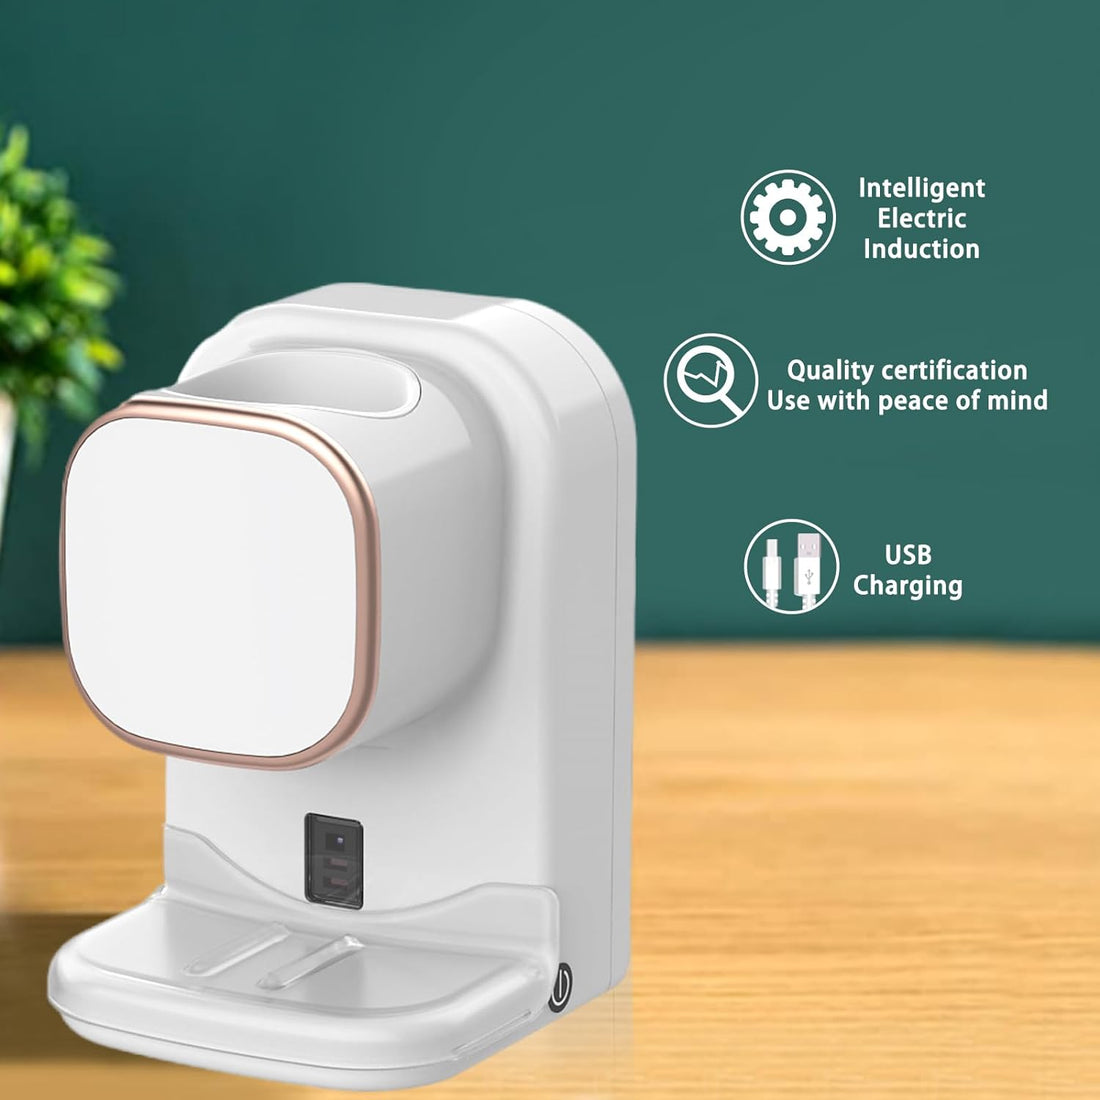 KIKOUVIEV Automatic Toothpaste Dispenser Bathroom Automatic Toothpaste Squeezer Wall Mounted with Sensor for Kids and Adult(White)
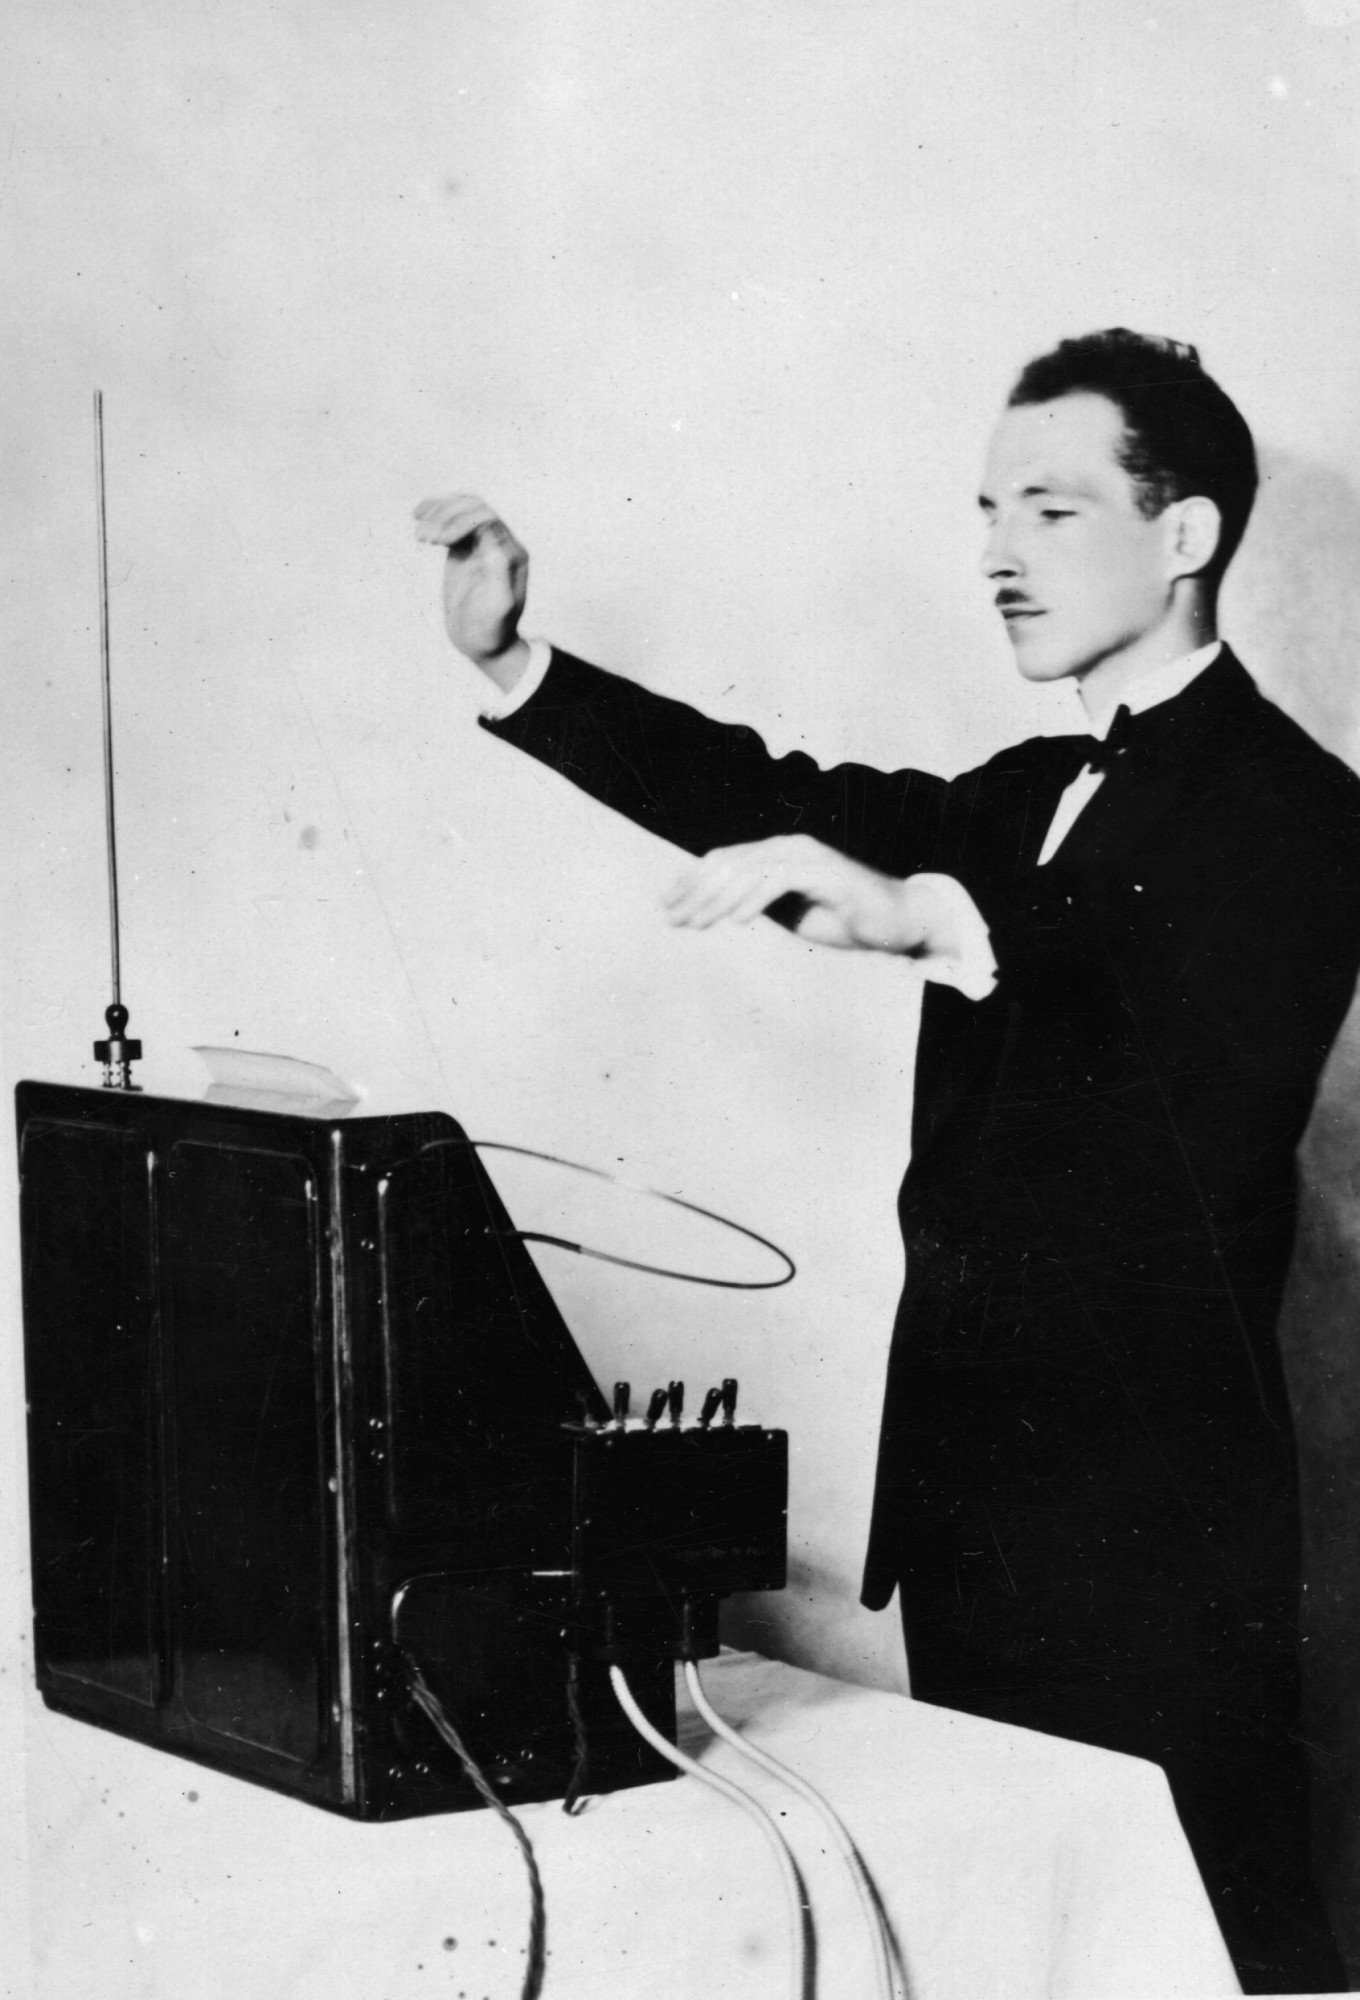 12th December 1927: Professor Leon Theremin demonstrating his theremin. The theremin was the world's first electronic musical instrument. It is played without actually touching any part of the instrument. Film scores of the 40s and 50s used the instrument to eerie effect and it makes a famous appearance in the chorus of the Beach Boys hit 'Good Vibrations'. (Photo by Topical Press Agency/Getty Images)
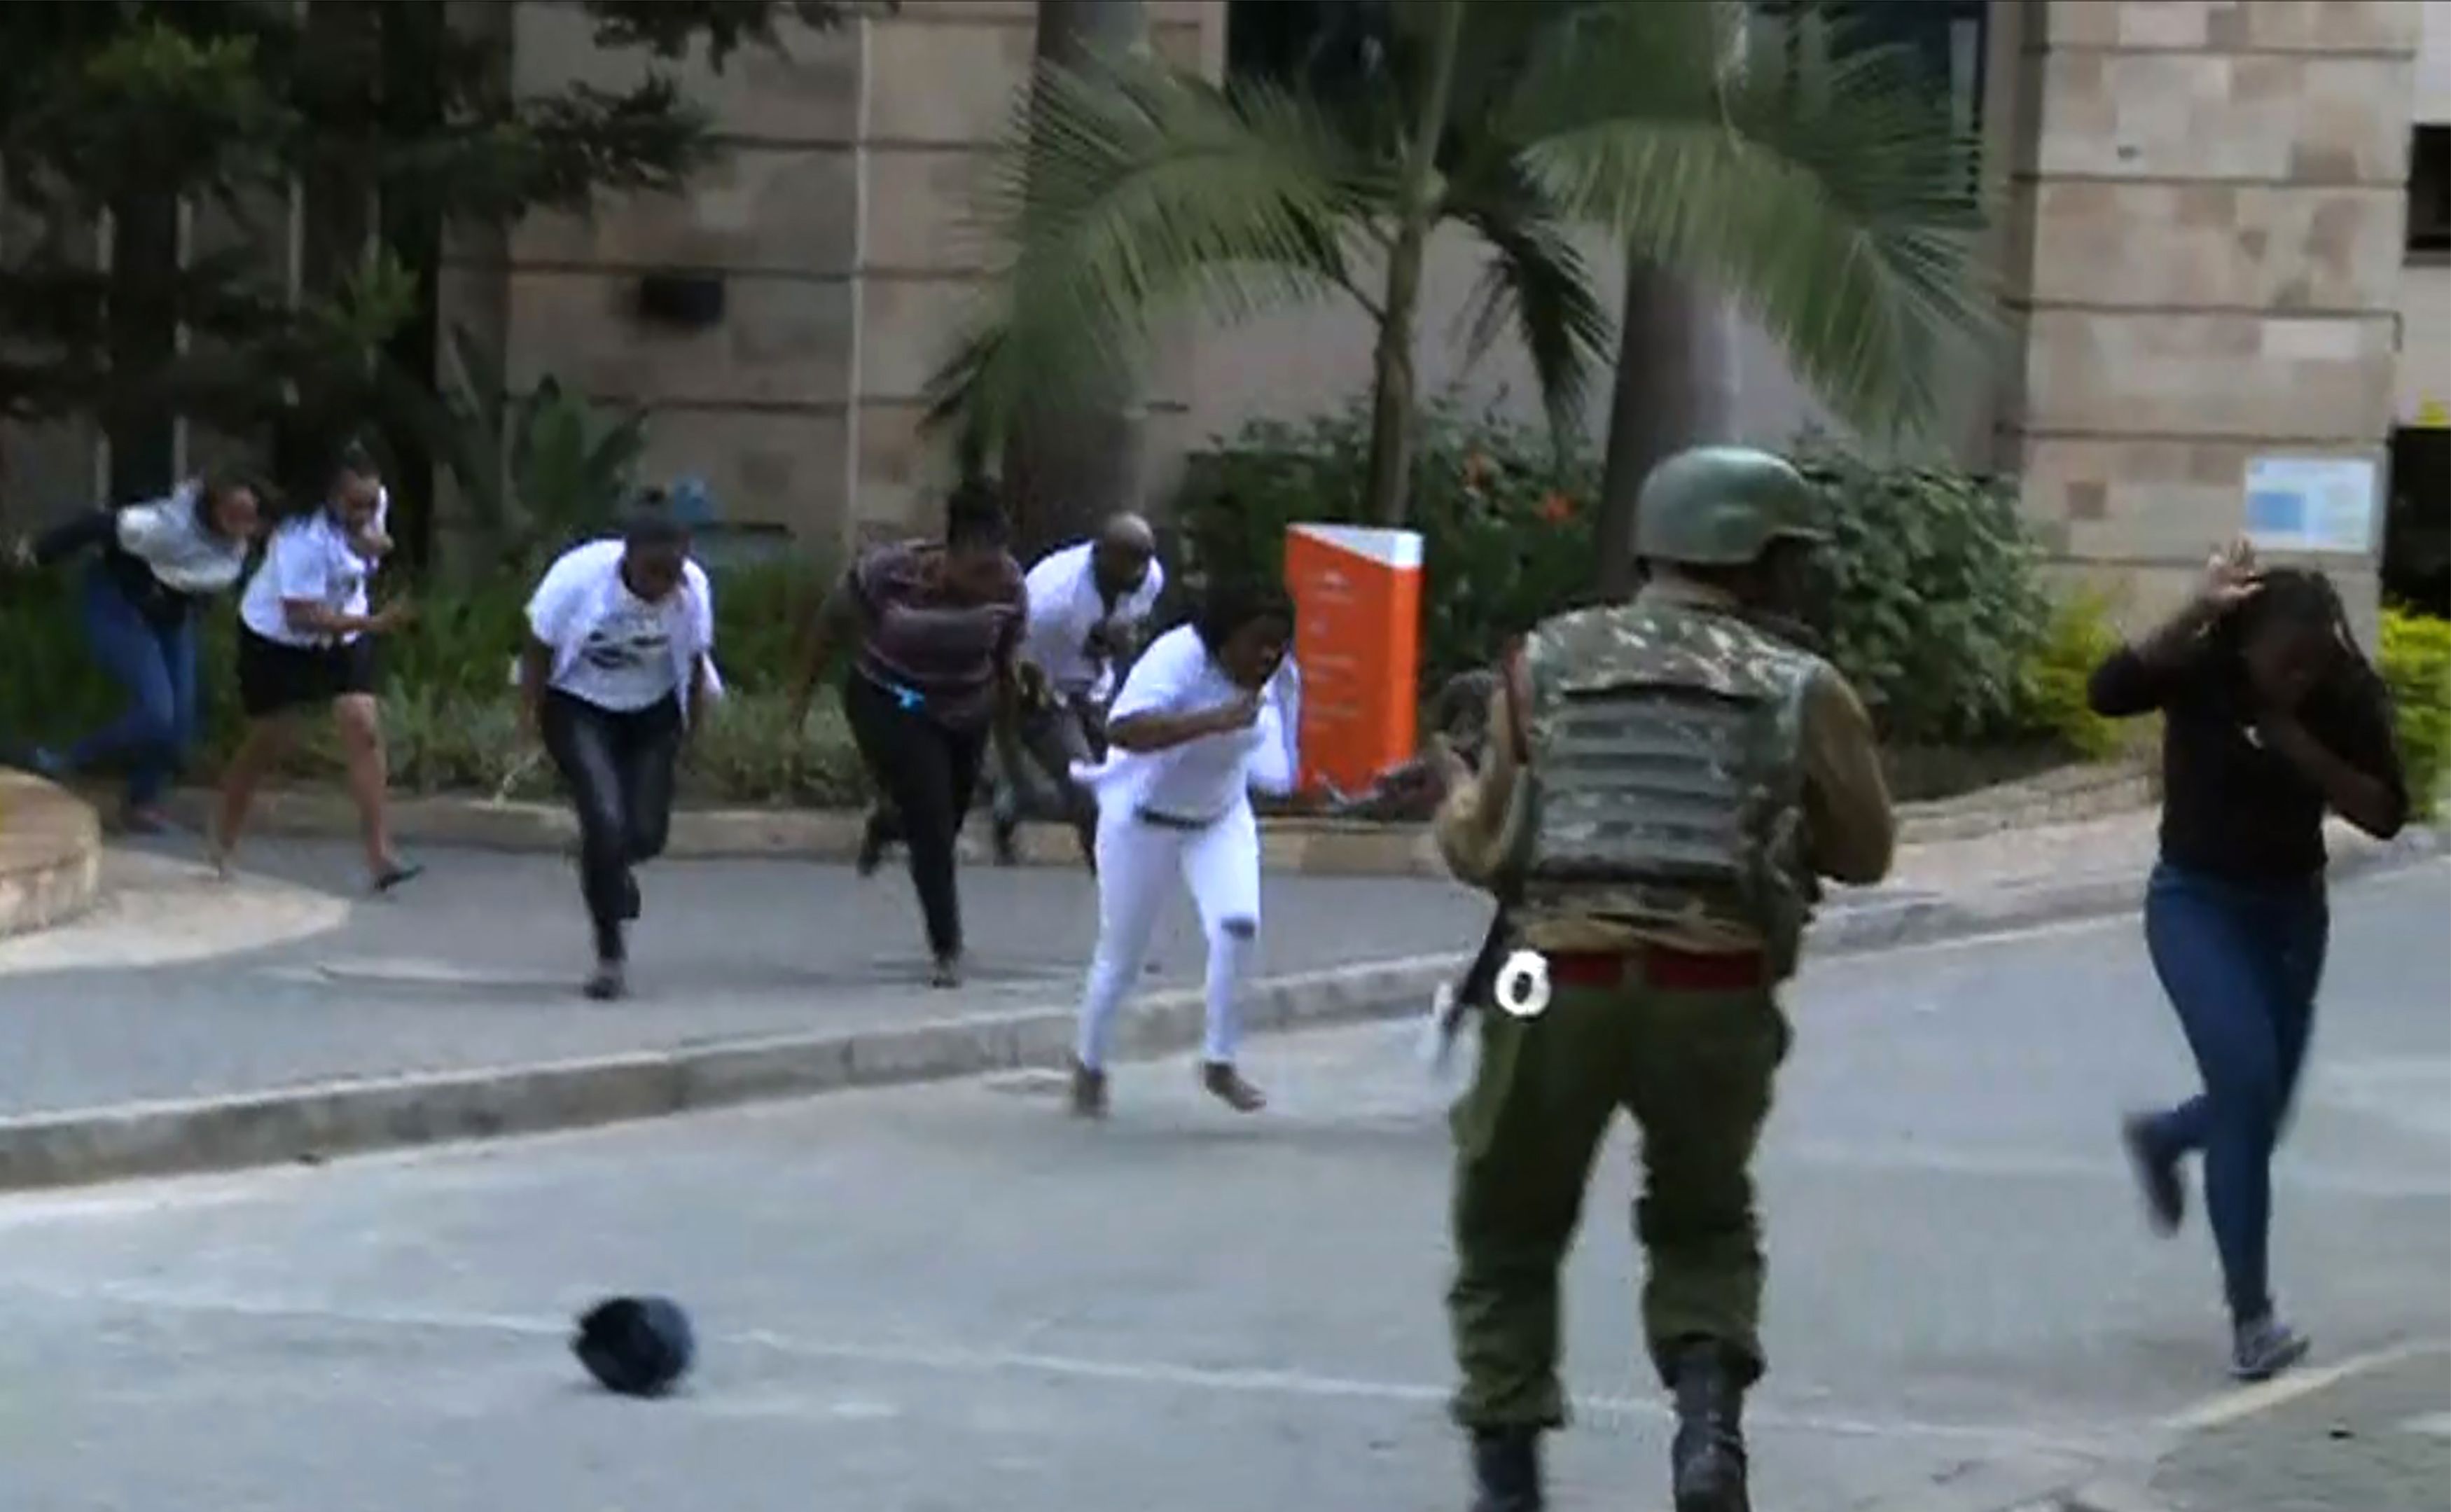 Image taken from an AFP TV footage shows people running in a street as a gunfight was underway following a blast at a hotel and office complex in a leafy Nairobi neighbourhood on January 15, 2019.

■ **Problem description**
Before writing out the material above, please remove its pictures; everything else stays exact.

■ **Your solution**
 KIKOUVIEV Automatic Toothpaste Dispenser Bathroom Automatic Toothpaste Squeezer Wall Mounted with Sensor for Kids and Adult(White)
 12th December 1927: Professor Leon Theremin demonstrating his theremin. The theremin was the world's first electronic musical instrument. It is played without actually touching any part of the instrument. Film scores of the 40s and 50s used the instrument to eerie effect and it makes a famous appearance in the chorus of the Beach Boys hit 'Good Vibrations'. (Photo by Topical Press Agency/Getty Images)
 Image taken from an AFP TV footage shows people running in a street as a gunfight was underway following a blast at a hotel and office complex in a leafy Nairobi neighbourhood on January 15, 2019.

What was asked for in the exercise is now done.